PROBLEM → Whatever pictures appear, omit them, and repeat the data below exactly.

DATA EXTRACT →

>>

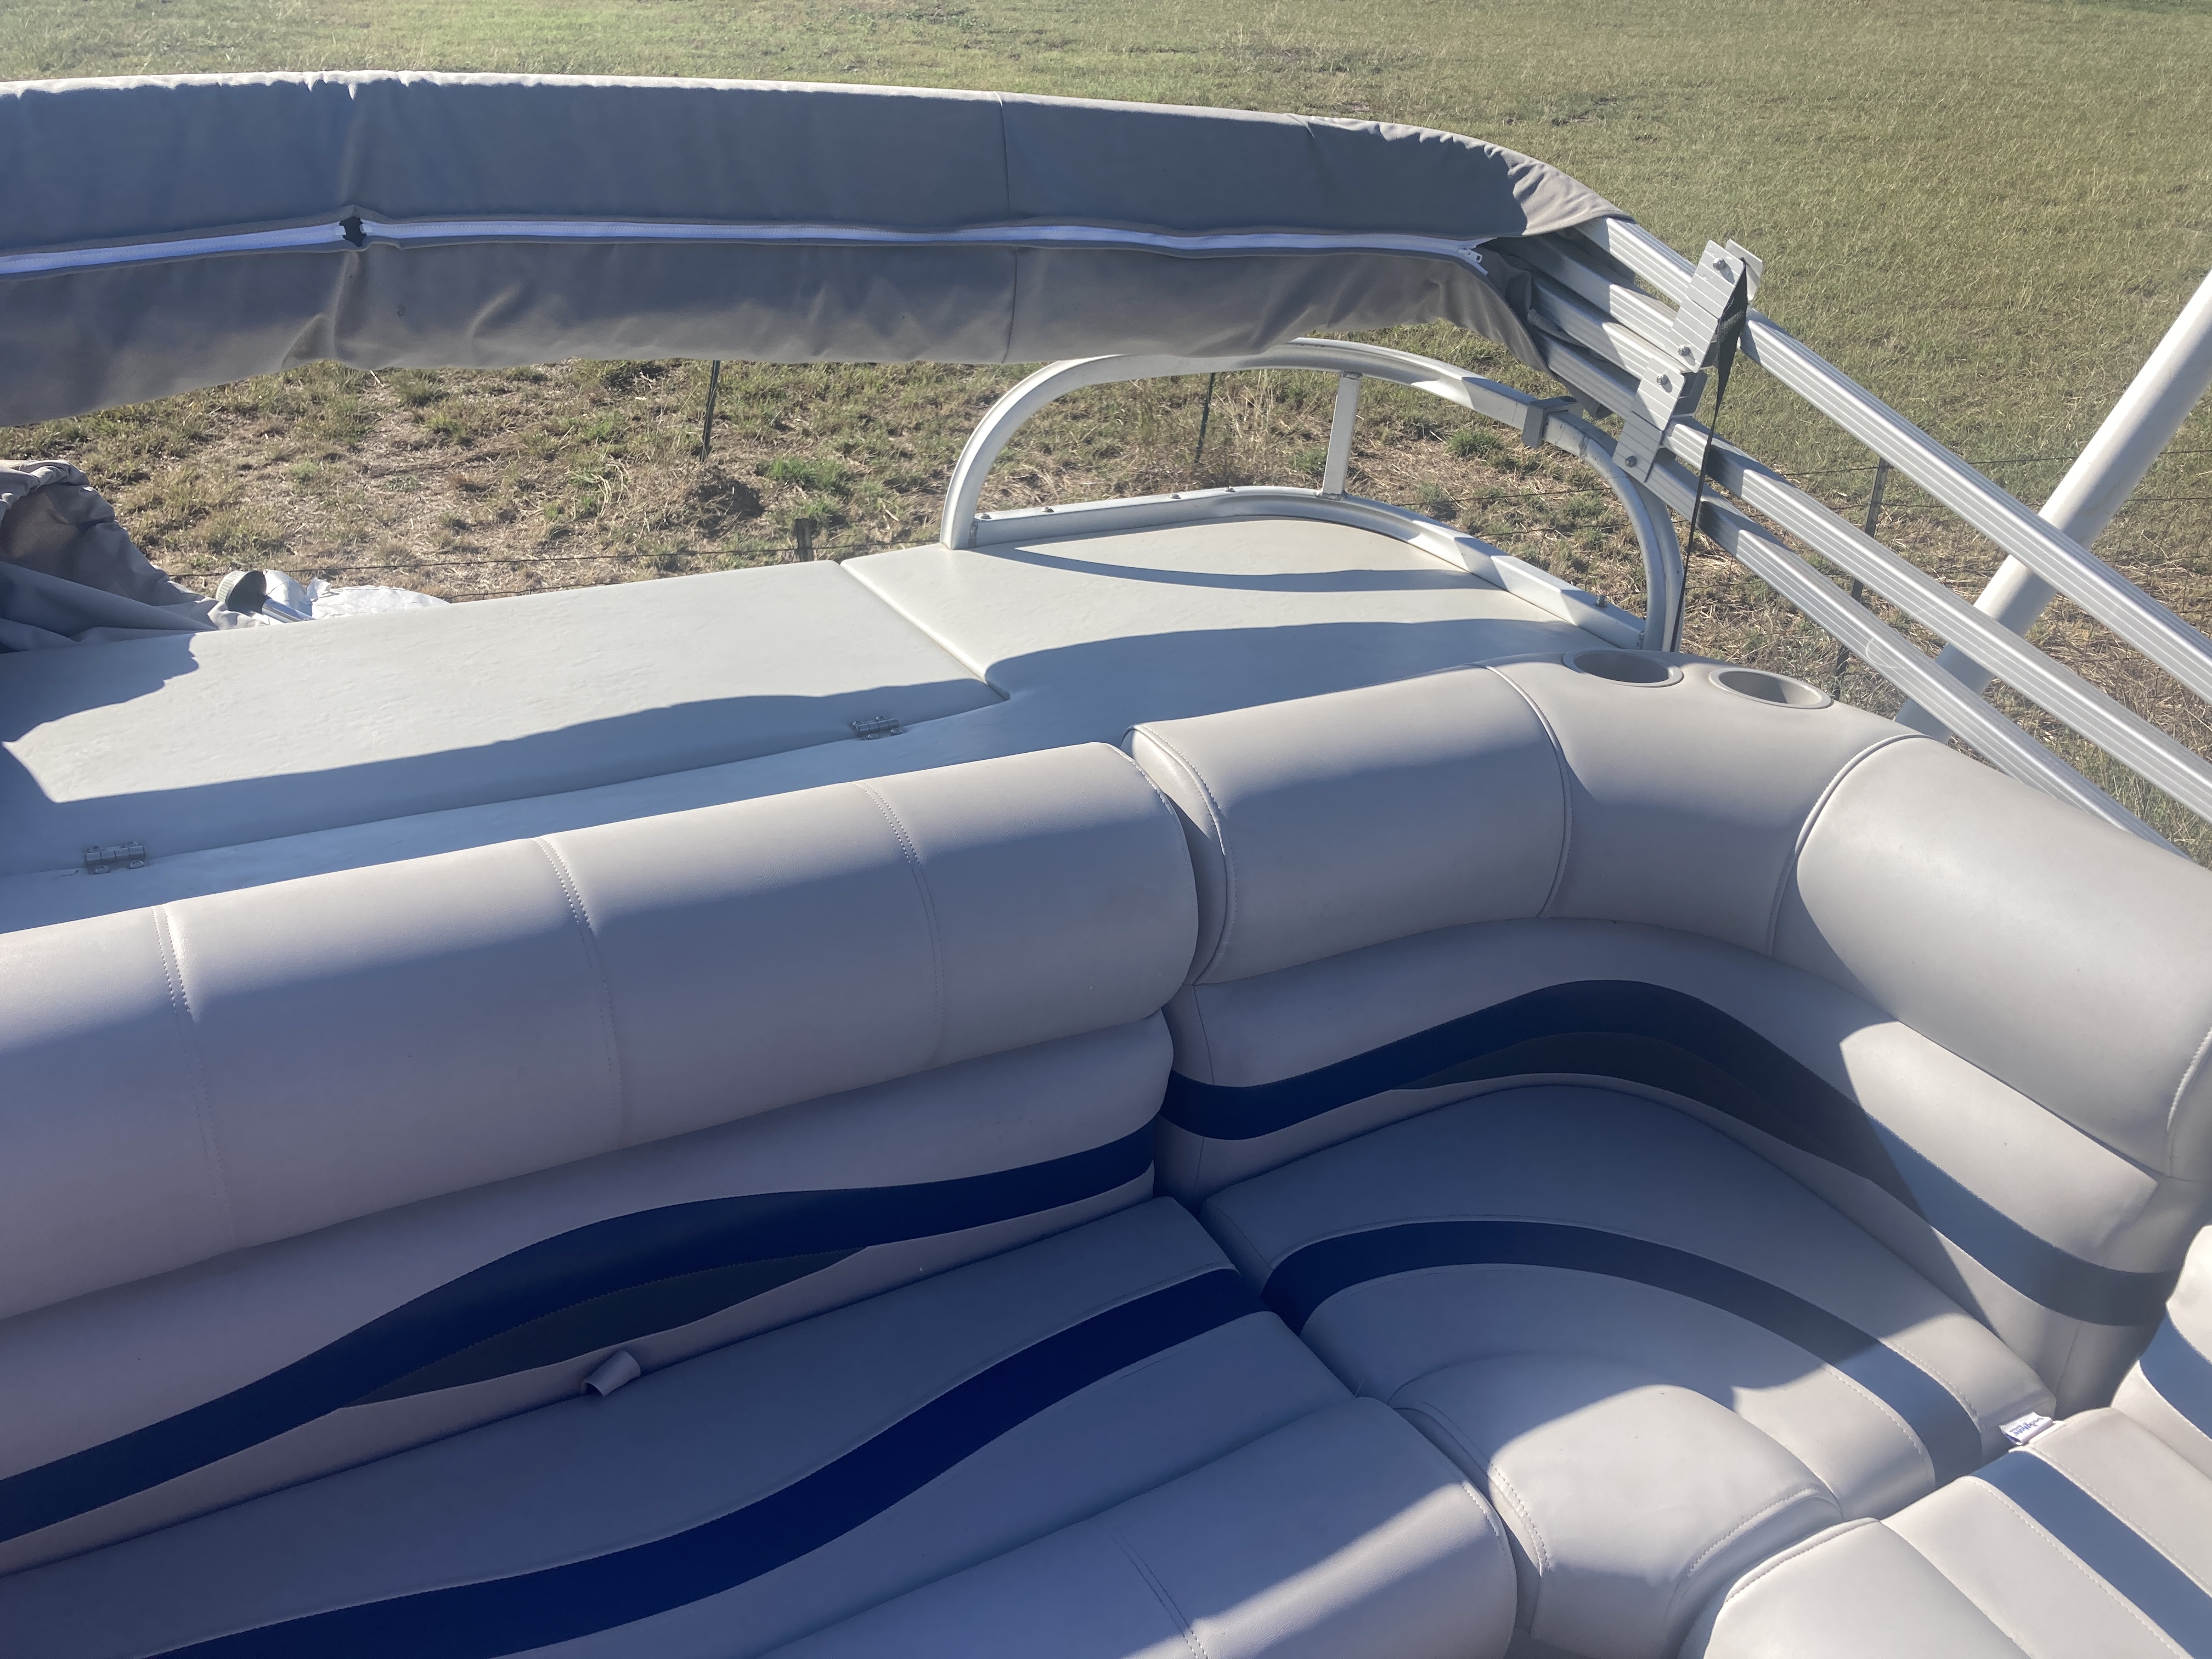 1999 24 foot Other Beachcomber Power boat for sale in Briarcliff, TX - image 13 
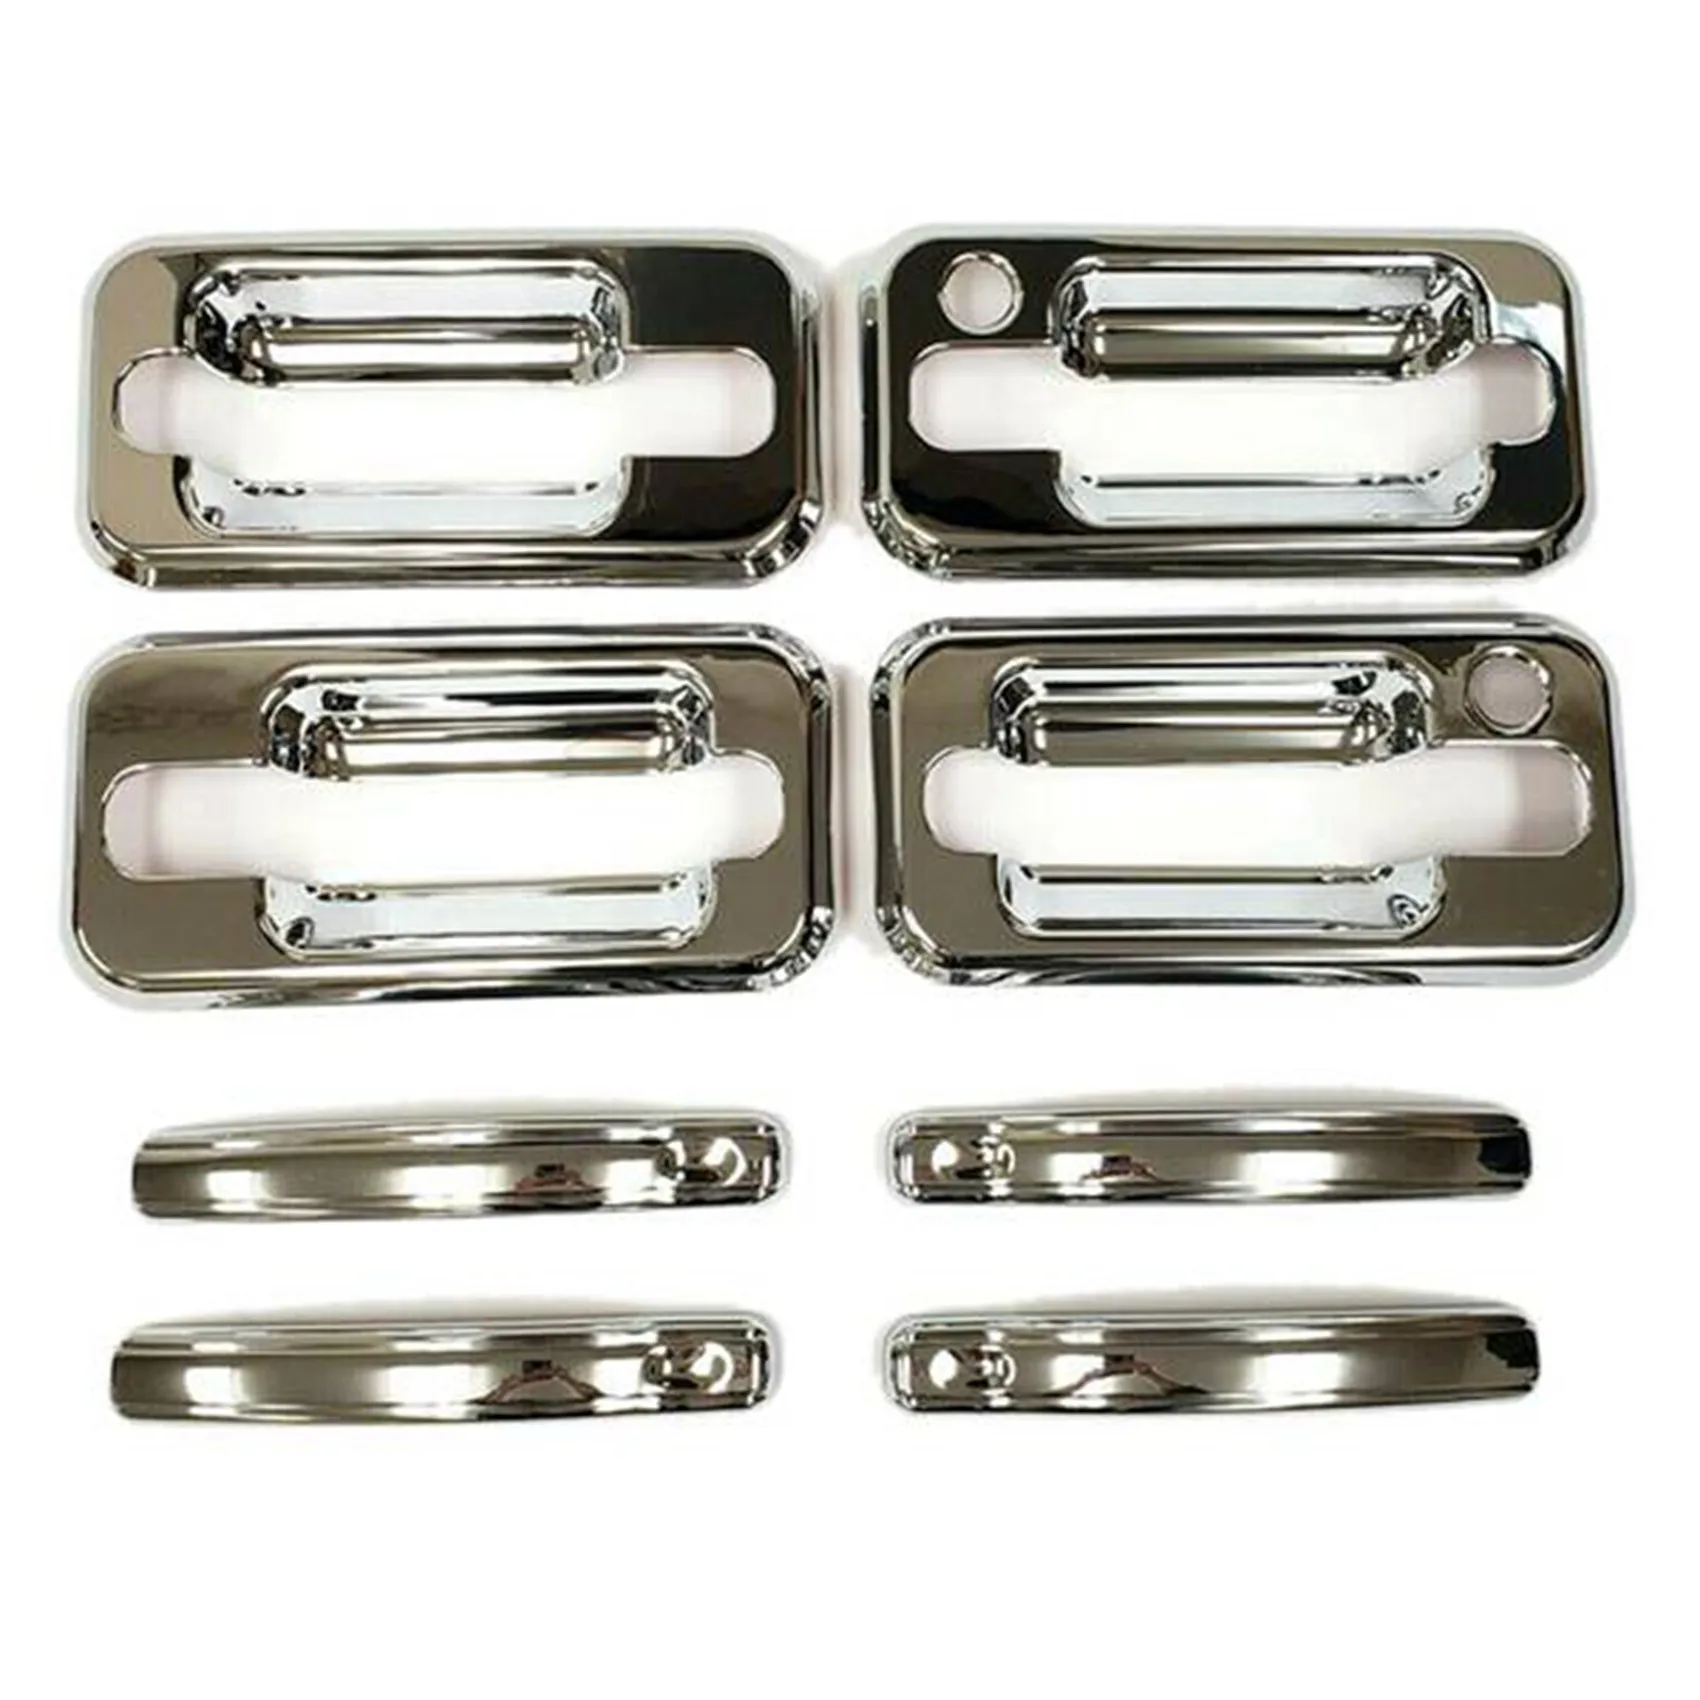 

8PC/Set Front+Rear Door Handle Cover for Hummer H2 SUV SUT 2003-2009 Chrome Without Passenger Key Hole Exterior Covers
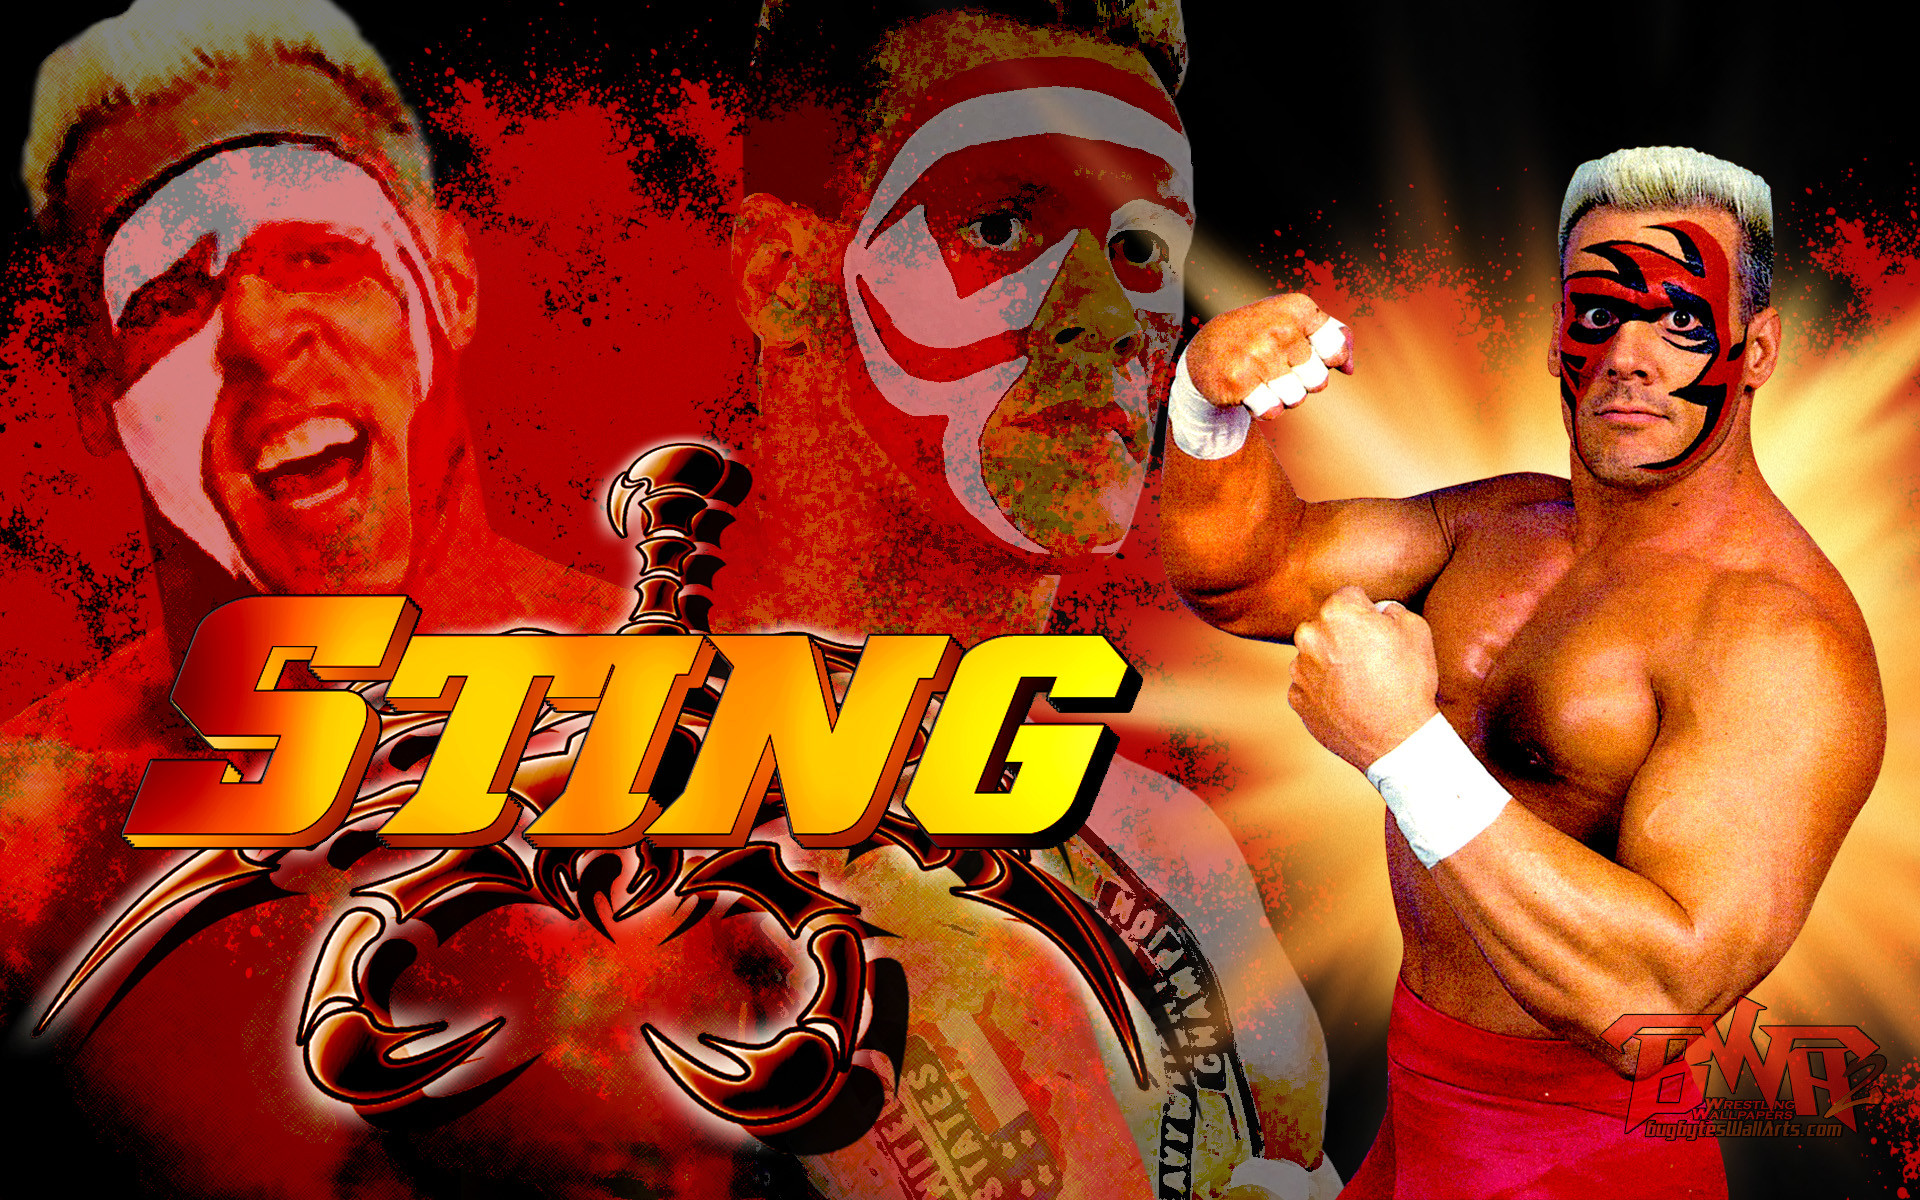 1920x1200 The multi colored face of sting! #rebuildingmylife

<<

TASK ANSWER →
 1999 24 foot Other Beachcomber Power boat for sale in Briarcliff, TX - image 13 

8PC/Set Front+Rear Door Handle Cover for Hummer H2 SUV SUT 2003-2009 Chrome Without Passenger Key Hole Exterior Covers
 1920x1200 The multi colored face of sting! #rebuildingmylife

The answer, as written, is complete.